Who wants the flu? According to the Centers for Disease Control (CDC), over 3,000 people die of flu annually as a result of an influenza vius. Because there is no CDC for pets, there’s no way to tell for sure how many dogs die of the canine influenza virus annually, but we know some do. The good news is that the overwhelming number of people or dogs with flu have an awful couple of days and recover just fine, though some people (especially seniors) and some dogs require hospitalization.
The reality is that we don’t live on this planet alone with dogs – other species serve as influenza reservoirs. according to Science Daily.
Avian influenza viruses can cause severe disease and have historically caused several devastating pandemics when introduced into the human population. Therefore, a world-wide surveillance program has been set up to monitor influenza virus activity in birds. Surprisingly, bats are now identified as a potential new source of influenza virus. Genome sequences of influenza A-like viruses were identified in fruit bats in Central and South America.

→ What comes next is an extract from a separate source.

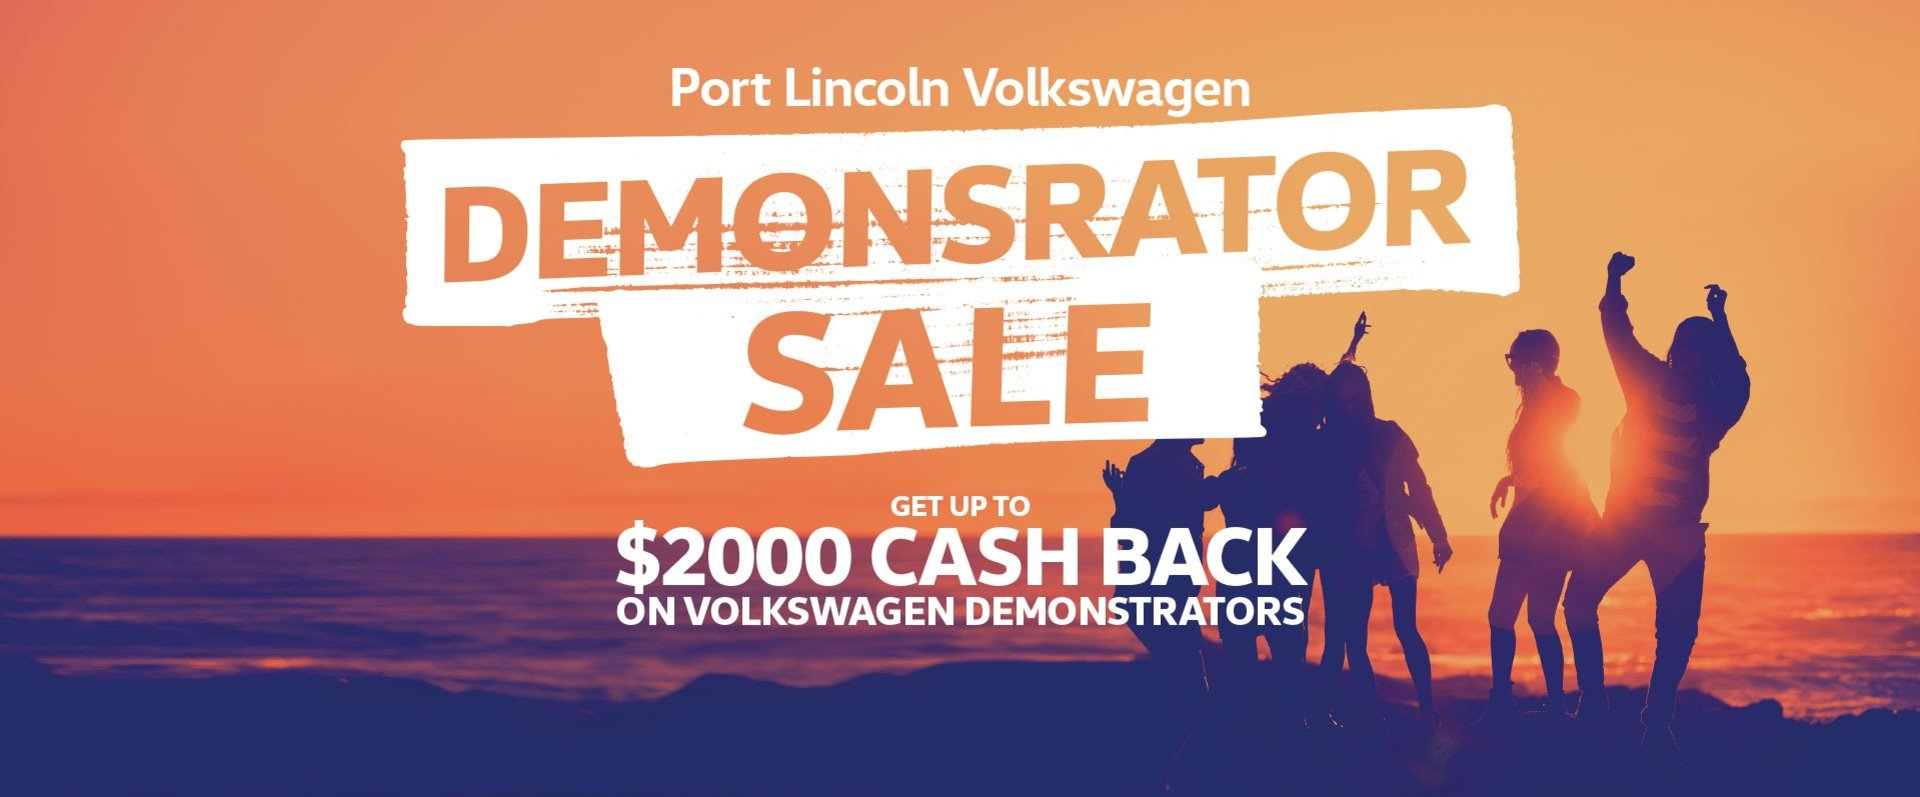 Port Lincoln Volkswagen - Demonstrator Sale

A team at the Institute for Virology of the Medical Center — University of Freiburg, Germany, together with scientists from Switzerland and the USA, report a break-through in isolating a bat influenza virus by reconstituting fully functional bat influenza viruses in the laboratory.
It was shown that the bat influenza viruses infected not only bat cells but also human and dog cells. A corresponding study was published online on October 24, 2016, in the journal Proceedings of the National Academy of Sciences of the United States of America.

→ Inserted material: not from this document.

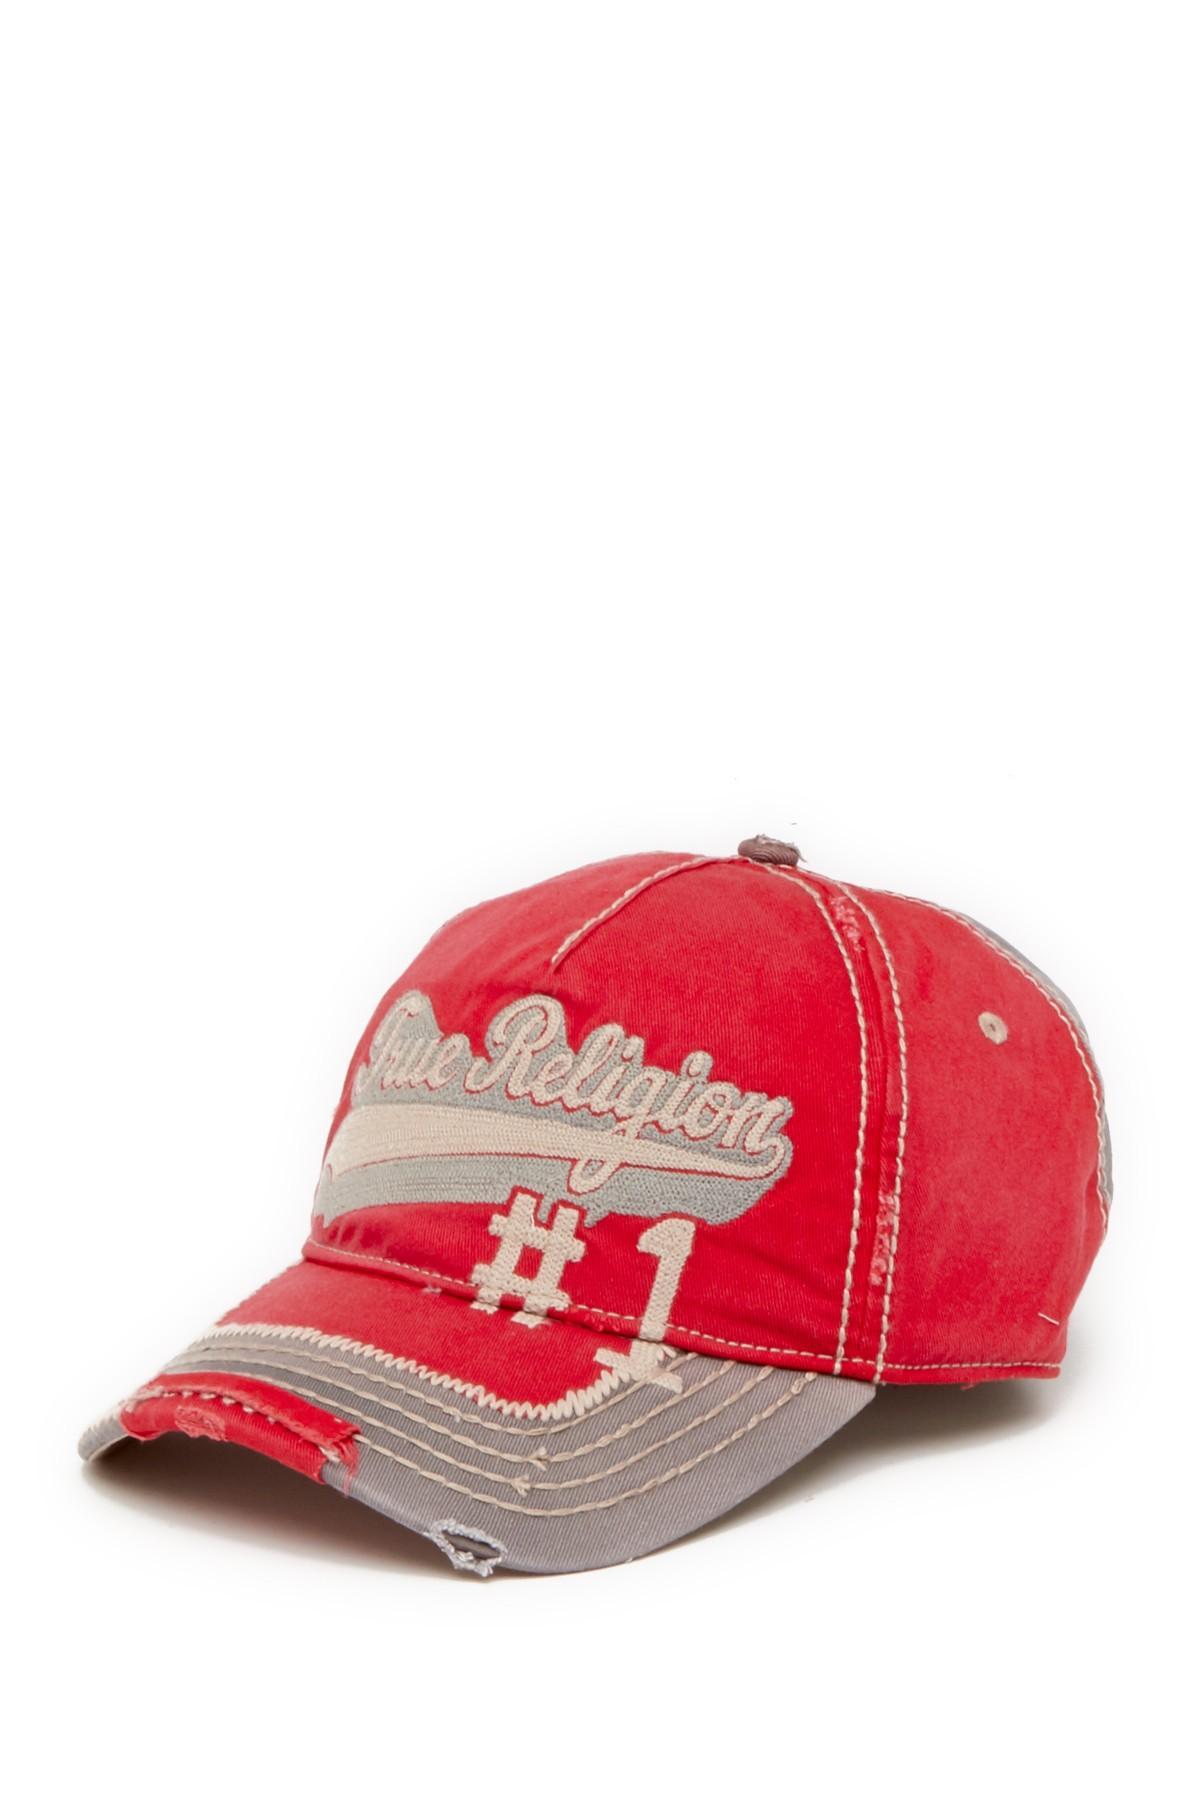 a068b75c Lyst - True Religion 'script' Baseball Cap in Red for Men

As a side note it’s interesting that people and dogs would be about equally as susceptible (without additional mutations of the virus to affect either species), again demonstrating how much we have in common with dogs.
Bats are natural hosts for several highly pathogenic viruses. Ebola and rabies virus are repeatedly transmitted from bats to humans (and to other species). However, before maligning bats (which many people fear anyway), consider that bats as a group are the number one predator to the one animal responsible for the most human deaths on earth, mosquitoes. Bats also pollinate many plants around the world, and are a key cog in the ecosystem.
While the new observation that human cells can be infected with bat influenza A-like viruses is a hint that these viruses could also potentially be transmitted to humans, there is no evidence for such transmission at this time. And scientists are not surprised at this finding, since it is known that influenza viruses are found in many species, and actually do mutate an jump species. H3N2, a canine influenza, jumped to dogs from an equine influenza virus, as one example.